In [1]:
import pyspark
from pyspark.sql import SparkSession
from pyspark.sql.functions import col, to_date, unix_timestamp, max, count, min

In [2]:
# Create SparkSession
spark = SparkSession.builder.master("local").appName("SolutionApp").getOrCreate()

# Question 1: Install Spark and PySpark

In [3]:
print(spark.version)

3.5.0


# Question 2: Yellow October 2024

In [4]:
# Read yellow trip data
df = spark.read.parquet("Data/yellow_tripdata_2024-10.parquet")

In [5]:
# Initial number of partitions
initial_partitions = df.rdd.getNumPartitions()
print(f"Initial Partitions: {initial_partitions}")

Initial Partitions: 1


In [6]:
# Repartition to 4 partitions
repartitioned_df = df.repartition(4)
new_partitions = repartitioned_df.rdd.getNumPartitions()
print(f"New Partitions after Repartition: {new_partitions}")

New Partitions after Repartition: 4


In [7]:
# Save the new partitioned yellow trip data 
repartitioned_df.write.parquet("yellow_tripdata/", mode="overwrite")
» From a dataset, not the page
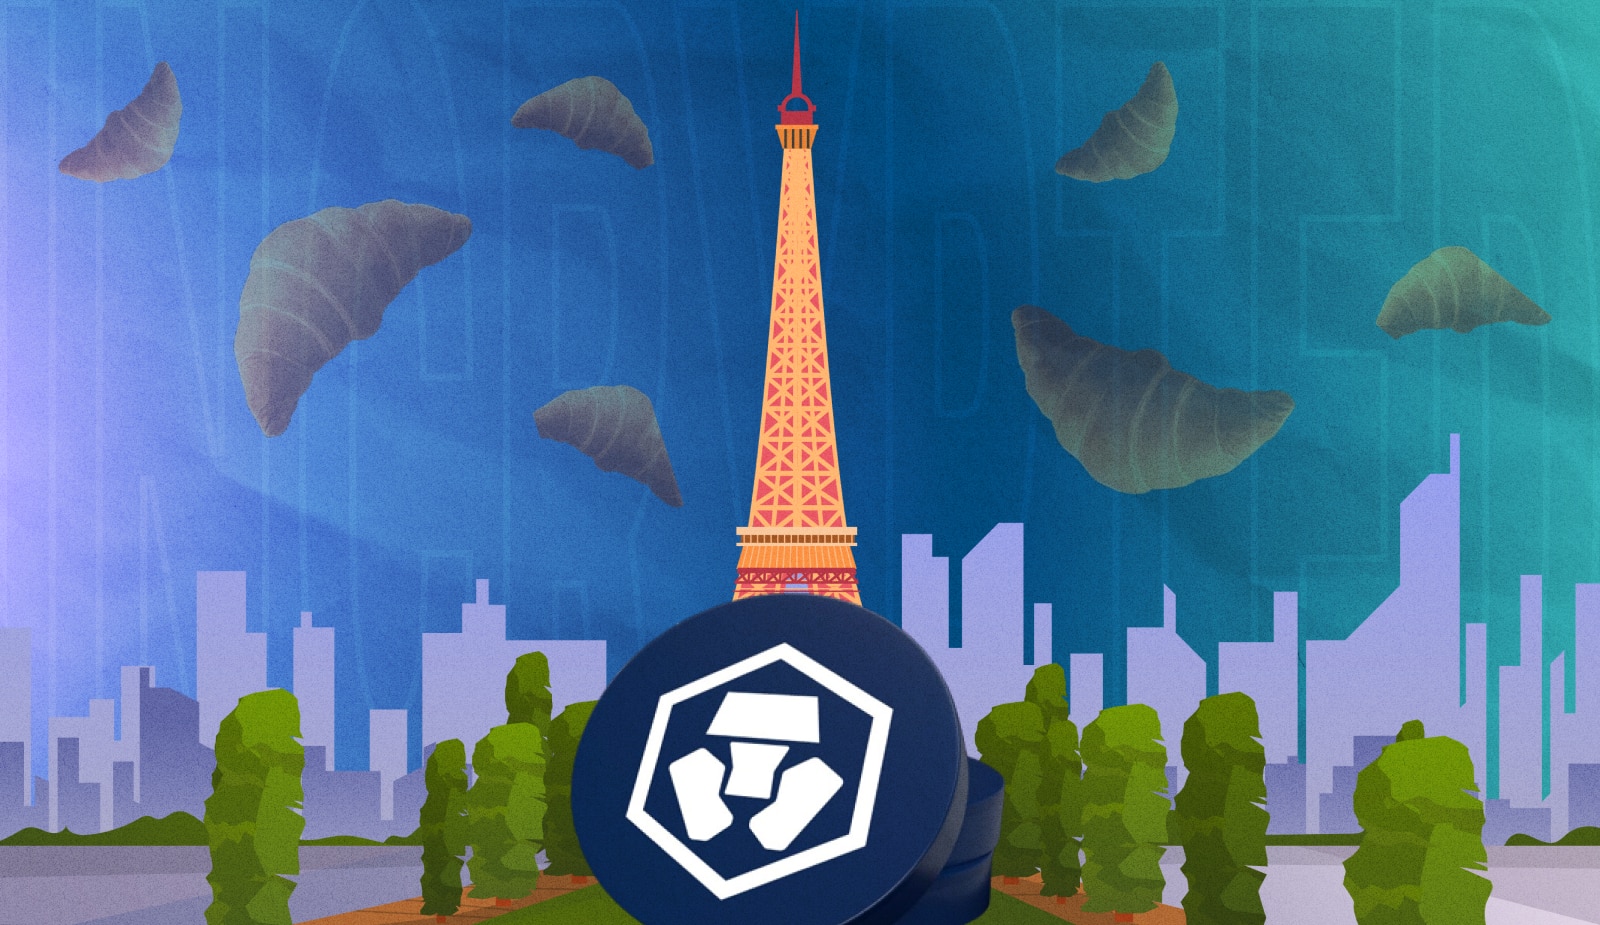 Crypto.com створять у Парижі європейську штаб-квартиру і вкладуть $150 млн. Головний колаж новини.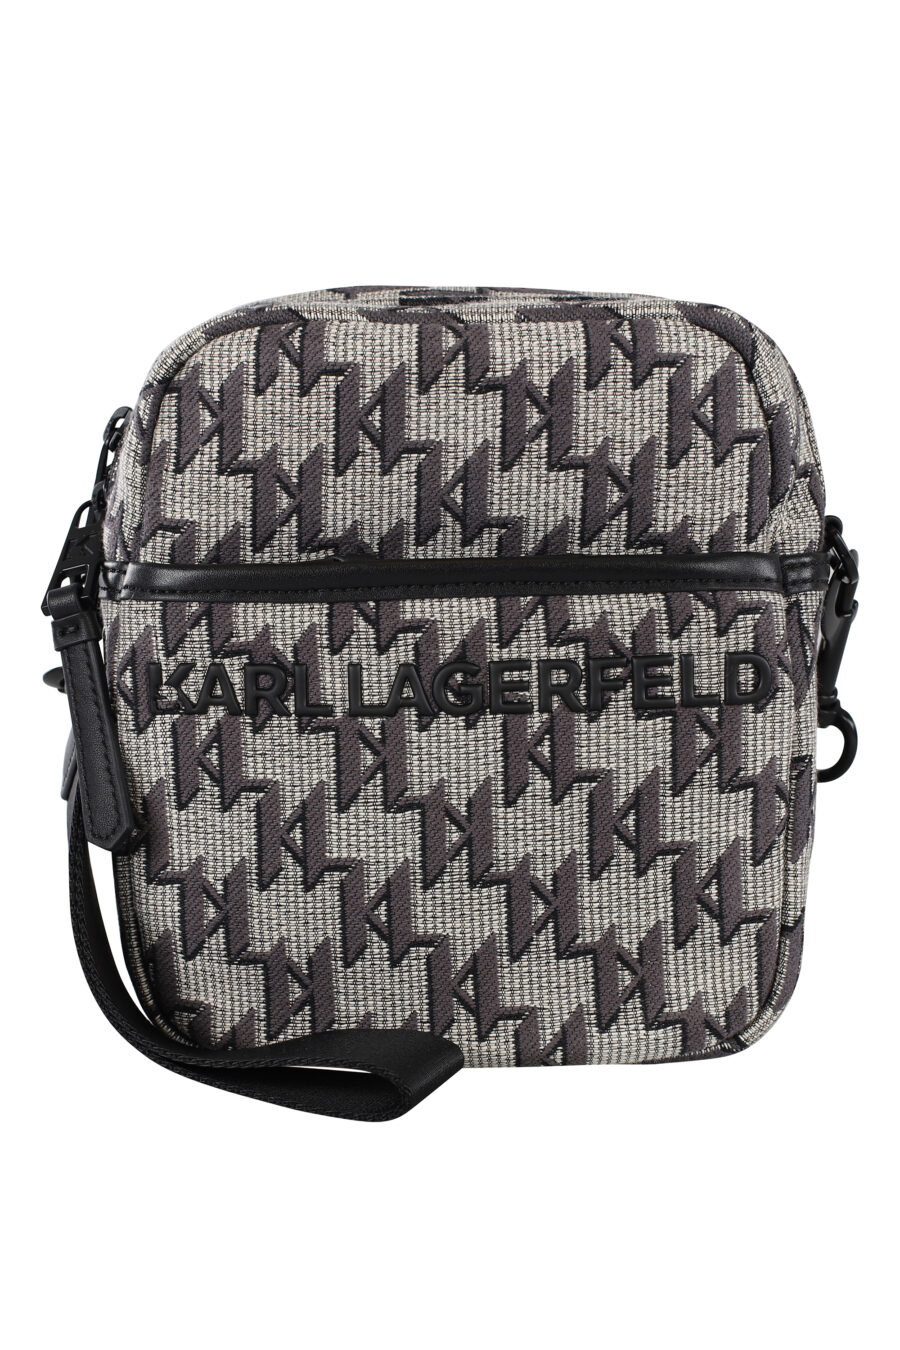 Shoulder bag with monogram logo - IMG 6927

# Question 3: Count records

In [8]:
# Count the taxi trips were there on the 15th of October
df.filter(to_date(df.tpep_pickup_datetime) == "2024-10-15").count()

128893

# Question 4: Longest trip

In [9]:
# Compute trip duration in hours and find the maximum
longest_trip_hours = df \
    .withColumn("trip_duration_hours", 
                (unix_timestamp(df.tpep_dropoff_datetime) - unix_timestamp(df.tpep_pickup_datetime)) / 3600) \
    .select(max("trip_duration_hours")) \
    .collect()[0][0]

print(f"Longest trip duration: {longest_trip_hours} hours")

Longest trip duration: 162.61777777777777 hours


# Question 6: Least frequent pickup location zone

In [10]:
# Read taxi zones data
zones_df = spark.read.option("header", "true").csv("Data/taxi_zone_lookup.csv")

In [11]:
# Step 1: Join df with zones_df to get the Zone names
joined_df = df.join(zones_df, df.PULocationID == zones_df.LocationID)

In [12]:
# Step 2: Count trips per Zone
zone_counts = joined_df.groupBy("Zone").agg(count("*").alias("trip_count"))

# Step 3: Find the minimum trip count
min_trip_count = zone_counts.agg(min("trip_count")).collect()[0][0]

# Step 4: Get the Zone with the minimum trip count
least_frequent_zone = zone_counts.filter(col("trip_count") == min_trip_count).select("Zone")

# Display the result
least_frequent_zone.show()

+--------------------+
|                Zone|
+--------------------+
|Governor's Island...|
+--------------------+